— Task instructions —
Restate the data below word for word, omitting pictures.

— Data section —
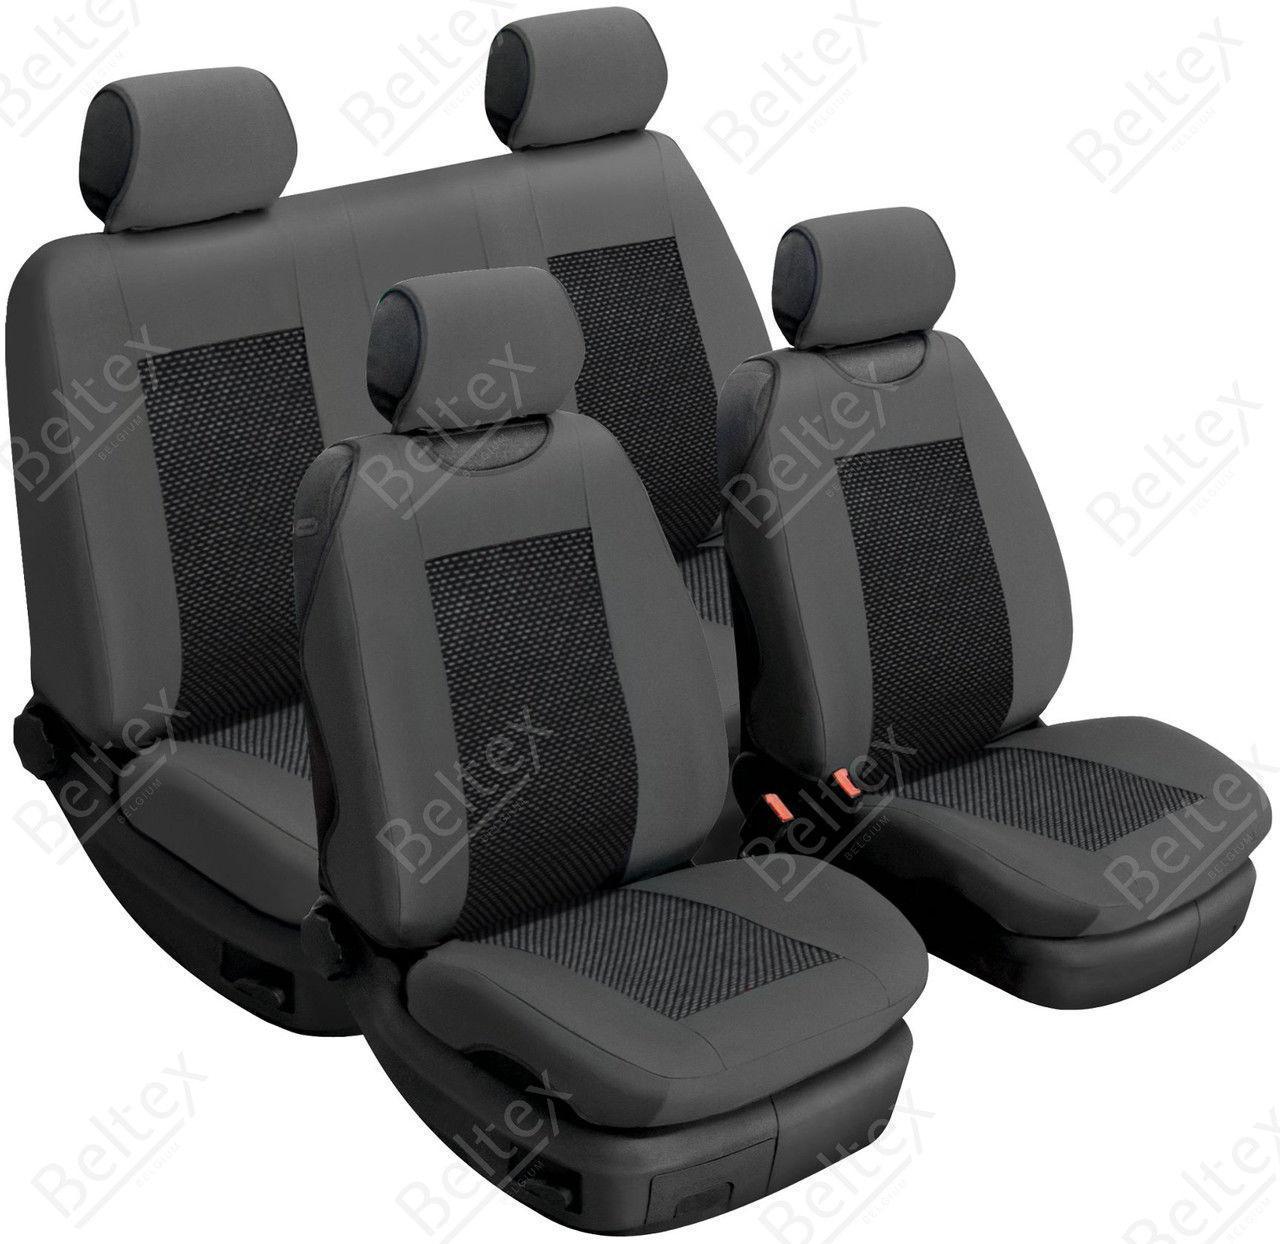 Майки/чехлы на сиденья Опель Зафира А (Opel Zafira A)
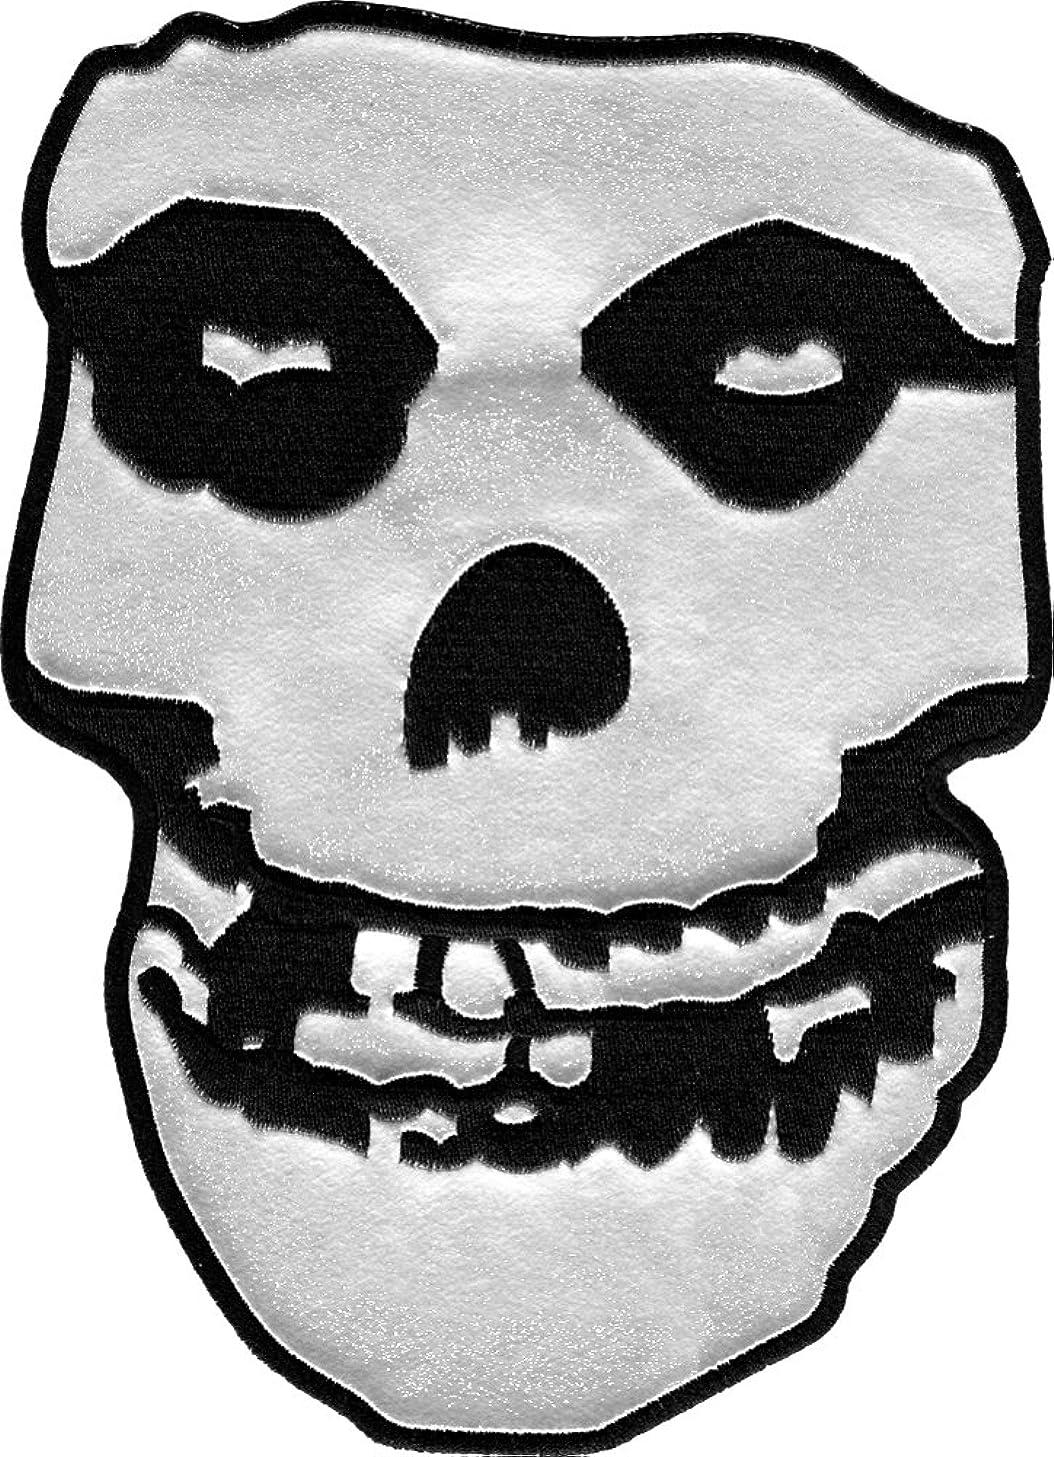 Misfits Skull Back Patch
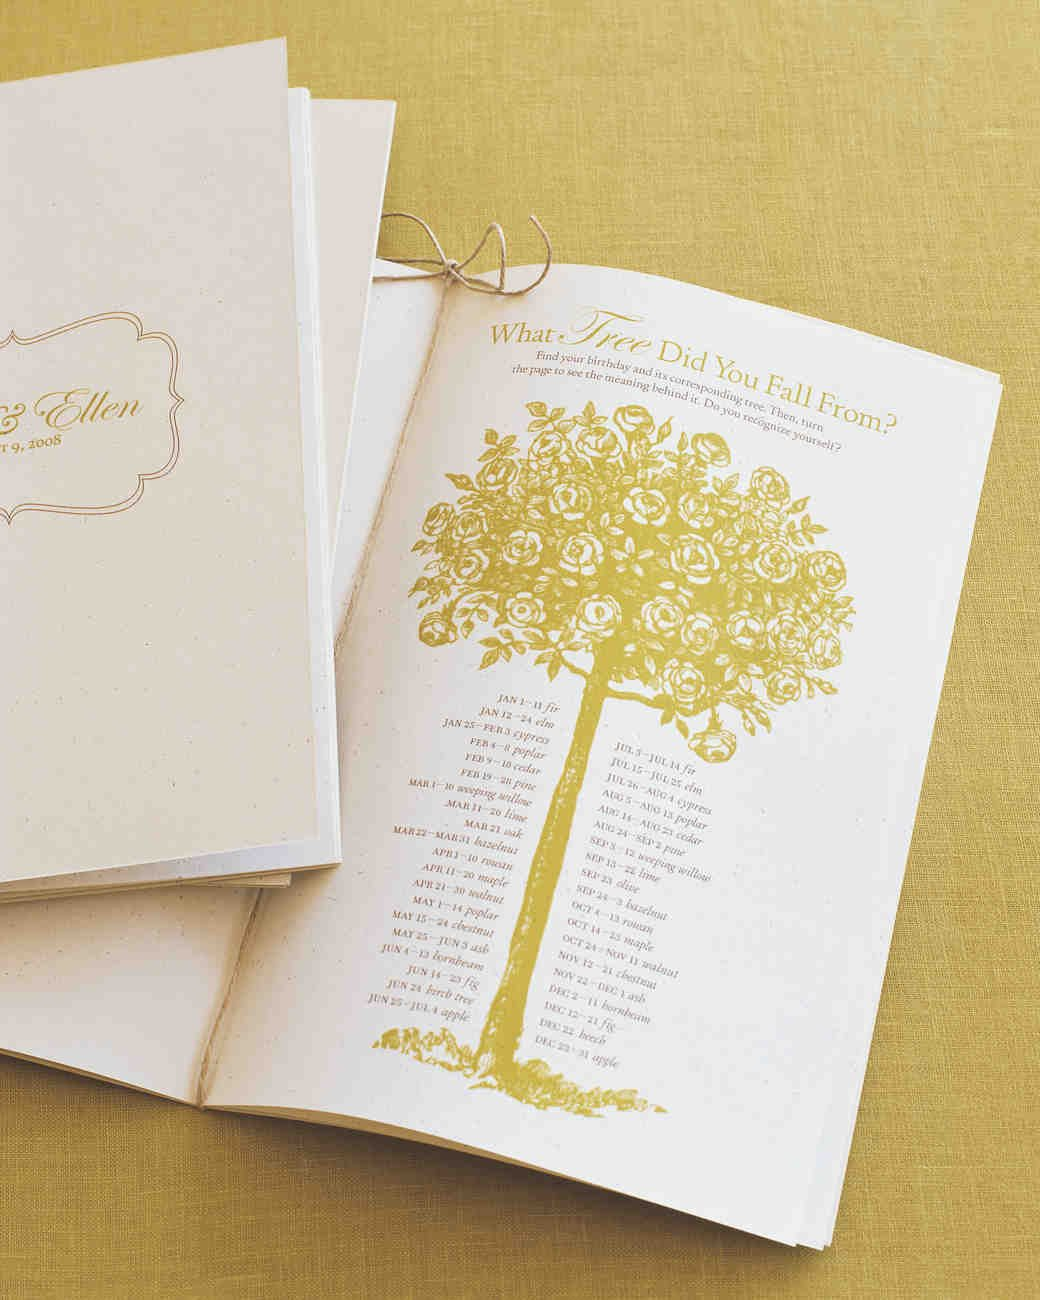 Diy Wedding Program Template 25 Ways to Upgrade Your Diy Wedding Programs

— Output below —
 Майки/чехлы на сиденья Опель Зафира А (Opel Zafira A)
 Misfits Skull Back Patch
 Diy Wedding Program Template 25 Ways to Upgrade Your Diy Wedding Programs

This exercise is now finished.